The S. oneidensis biofilm was grown in a microfluidic device under constant flow. Finally, a mean biofilm thickness of 76.3 ± 12.9 µm was reached (Fig. 6). After 121 h, no measurable lactate in the effluent was found. In contrary to the batch experiment, after 97 h riboflavin was the dominant flavin species in the effluent of the system. After 143 h, the biofilm was lysed, and the flavin content was measured. Using optical coherence tomography (OCT)-data for biofilm volume, it was possible to determine the concentration of the different flavin species. The biofilm contained 3670 ± 224 nM riboflavin, 213 ± 19 nM FMN, and 292 ± 47 nM FAD. Hence, the observed flavin concentration was far above the identified concentration for riboflavin-based biofilm production. We sought to determine only the extracellular riboflavin concentration by carefully resuspending the developed biofilm. Nevertheless, we also measured the intracellular riboflavin concentration to exclude the possibility that partially lysed cells could have greatly contributed to the riboflavin concentration. The riboflavin content within the cells was at a level of 2.81 × 10–3 fM per cell. Thus, 5.15 × 1010 cells/ml (as in the analyzed biofilm) would contain 144.72 nM of intracellular riboflavin, which is more than one magnitude below the measured value of 3670 nM. This finding agrees with the observation of von Canstein and colleagues, who could only measure trace amounts of riboflavin in the cytoplasm [27].

Fig. 6
figure 6

Mean biofilm thickness, lactate and flavin concentration of S. oneidensis wild type grown in a PDMS chip over time. After 121 h there was no detectable amount of lactate in the effluent. The flavin content significantly increased over time. However, especially the riboflavin concentration is much higher within the biofilm compared to the effluent. Error bars represent the standard deviation from 3 individual bacterial samples (n = 3)
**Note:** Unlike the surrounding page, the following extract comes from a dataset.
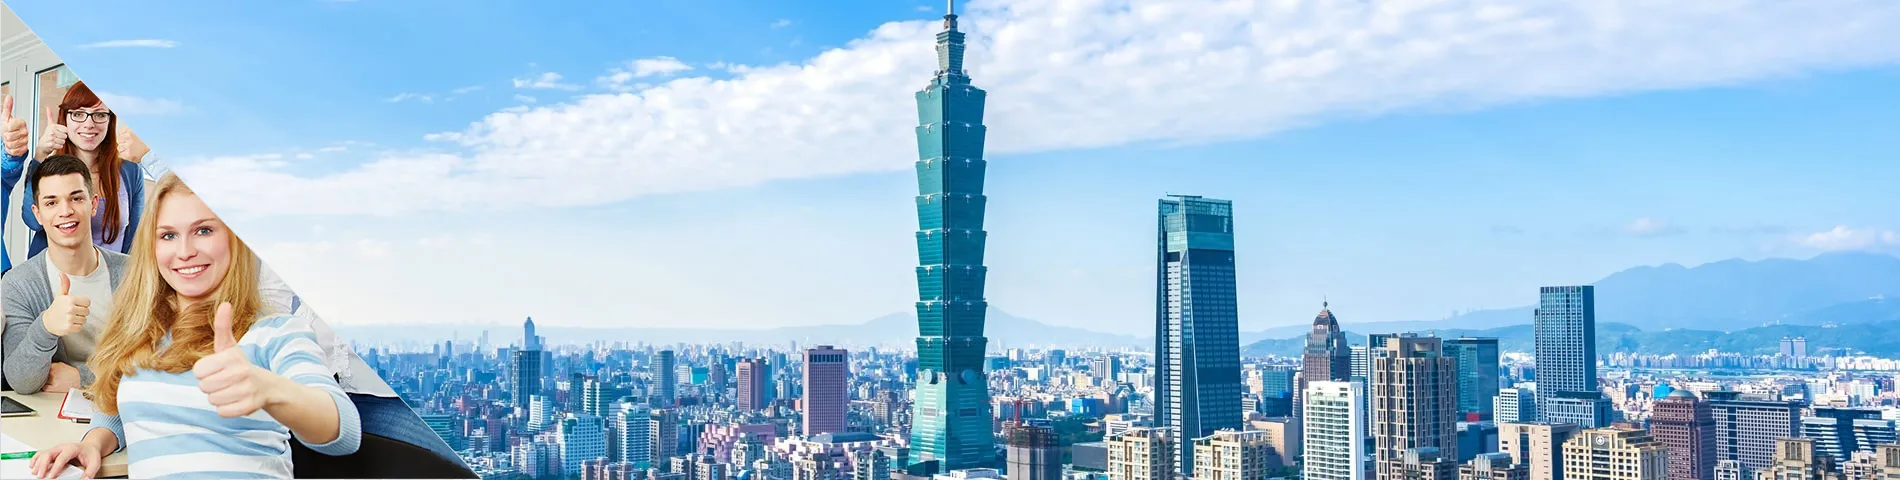 Taipei - 
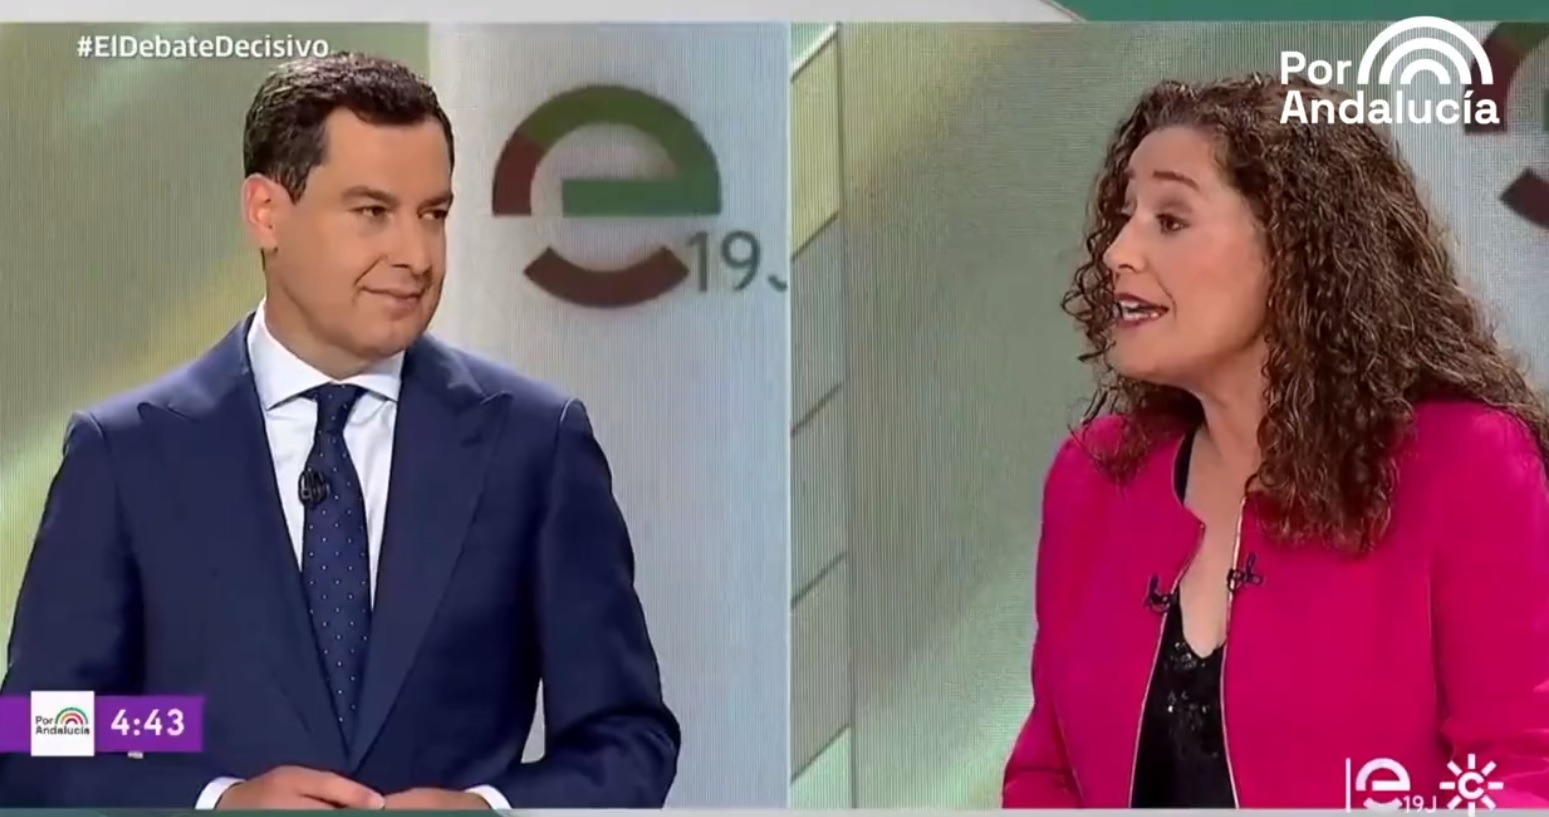 Juanma Moreno Bonilla e Inmaculada Nieto, durante el debate de este lunes en Canal Sur. Fuente: Por Andalucía.

We also aimed to model riboflavin production in the biofilm system based on the quantitative data depicted in Fig. 6. Model description and simulation results are provided in the supplementary material. For our purpose, the biofilm model was mainly used as analytical tool. In fact, the simulation results (Additional file 1: Fig. S4) show one clear result. The release of product (riboflavin) from biofilm into the bulk medium cannot solely be explained by a traditional reaction diffusion approach for biofilm systems [28]. Obviously, part of riboflavin product is not directly released into the bulk liquid. To fit the simulation with the achieved results, it was necessary to reduce the diffusion coefficient of riboflavin in water by three orders of magnitude. Moreover, yield coefficients for biomass and product and the first-order reaction constant for FMN transformation to riboflavin had to be adapted and compared to the values measured in the batch culture (see Additional file 1: Table S3). We assumed that the two orders of magnitude higher cell density within the biofilm had an impact on yield coefficient for FMN and first-order reaction rate for riboflavin from FMN.

Biofilm thickness and lactate consumption in the flow cell can be displayed very satisfactorily with the chosen model. However, for both FMN and riboflavin, the simulation shows release from the biofilm into the bulk liquid starting already on the first day. The experimental results clearly show that the cells do not release the products that fast. The decreased diffusion coefficient for riboflavin allows for an adequate simulation of its concentration within the biofilm after 140 h (Additional file 1: Fig. S4e). However, the concentrations of riboflavin in bulk and biofilms can be misleading. In fact, the total amount of riboflavin within the biofilm after 140 h is only 4.6 × 10–3 nmol, and the riboflavin produced by the biofilm (and transported out of the system) totals 24 nmol.


This study revealed that S. oneidensis cells can sense the extracellular riboflavin concentration and use this information to initiate an intracellular process leading to biofilm formation. The increased biofilm formation leads to significantly increased current densities in bioelectrochemical systems. This process is apparently based on an overproduction of proteins triggered by the intracellular activity of SpeC. Among the overproduced proteins is WbpP, a key protein for extracellular matrix production [20, 21]. Modeling and biofilm experiments showed that the necessary riboflavin concentration in biofilms can be reached with a low number of attached cells. Moreover, comparing the model with experimental data from the biofilm analysis clearly indicates a specific retention of riboflavin within the biofilm matrix.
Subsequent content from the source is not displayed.